We can treat the resulting value as a serialised form of some
more-Haskell-friendly ELF
datatype, which we can interpret
using some form of free construction; with appropriate functions for
running, providing an environment, etc. We can then ensure that the
correct bash
will be given the correct script, executed
using the correct semantics, in an isolated/testable way, and so on, all
without having to interact with the outside world at run-time.
This idea struck me as a little outlandish to begin with; but then I remembered that the Truffle implementation of Ruby does a similar thing, although they implement C and Ruby in the same VM, rather than implementing ELF (or similar) in Haskell.
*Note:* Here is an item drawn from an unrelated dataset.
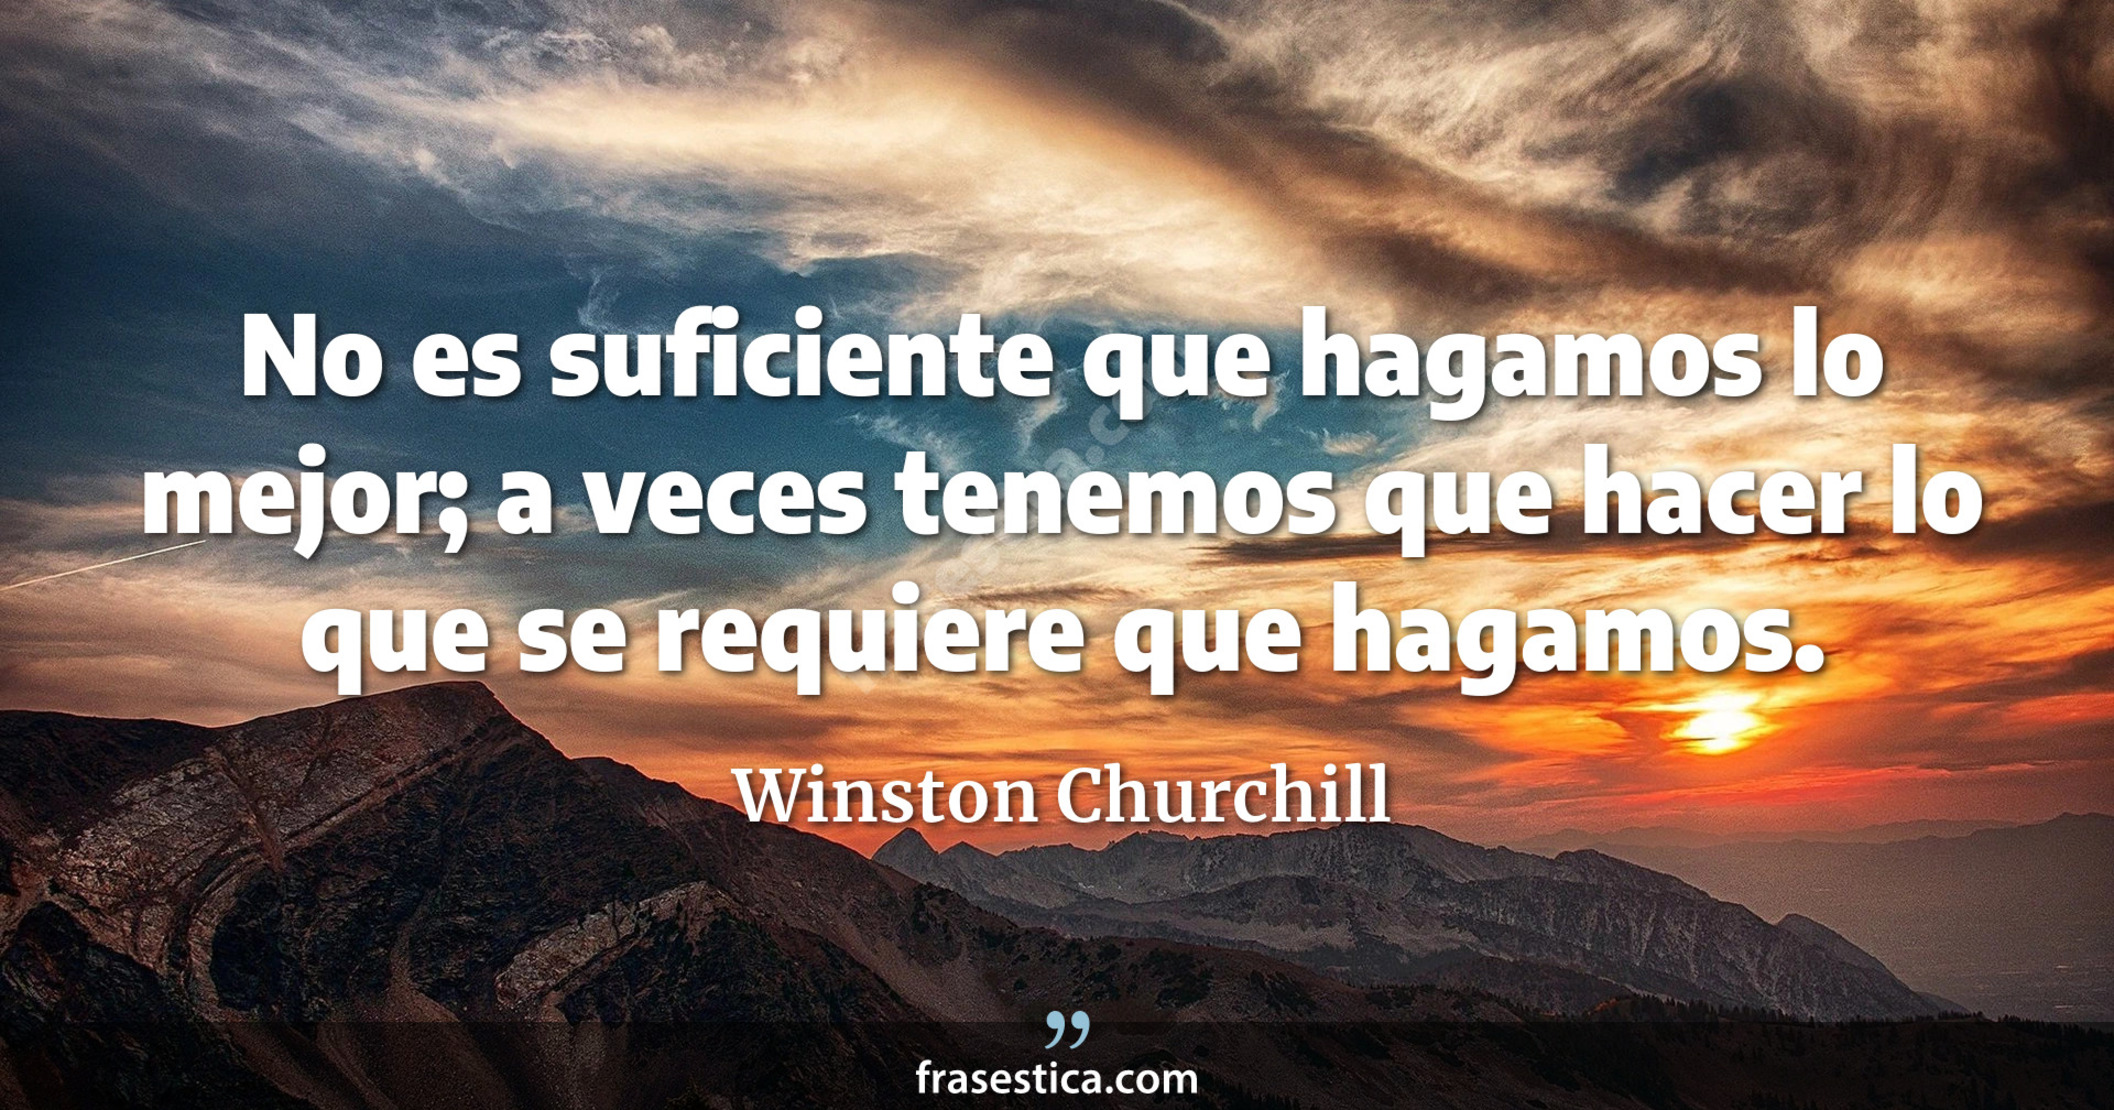 No es suficiente que hagamos lo mejor; a veces tenemos que hacer lo que se requiere que hagamos. - Winston Churchill

In fact, their code can actually be faster than just calling out to C via a foreign function interface, since their JIT compiler has full access to all of the Ruby and C, which allows optimisations to fuse things together.
A similar thing could be done with my hypothetical ELF embedding: we
could treat the bash
code as a “black box”; we
could instead “deserialise” it into a datastructure with
semantically-meaningful operations, which can be optimised in some
way.
In the above example, the bash
executable, the script
and the environment (provided by our interpreter function) are all known
at compile time, so we can partially-apply bash to the script,
supercompiling all of the parsing functionality to produce a combined
‘bash+script’ which knows exactly what it needs to execute when invoked.
More aggressive optimisations might use the known features of the pure
environment to shortcut the highly dynamic nature of bash, since most of
the features will be known to be unused.
A similar approach can be taken to embed with other languages, e.g. Python, Perl, or indeed Haskell.
Note that I’ve used Haskell here as an example; if I were really going to implement such a thing, I’d maybe target something more low-level (e.g. without garbage collection, RTS, etc.) so that I could tease out as much performance as possible. Languages like Zig, Terra, Nim or Rust. Another possibility would be to use the host language (e.g. Haskell) as a code generator, outputting an ELF executable. In the same way that combinators can splice together strings, or plumb together parsers, we could make combinators for fusing together executables.
This is pretty much an extension of my earlier thoughts on annotating values as pure to allow more aggressive optimisation.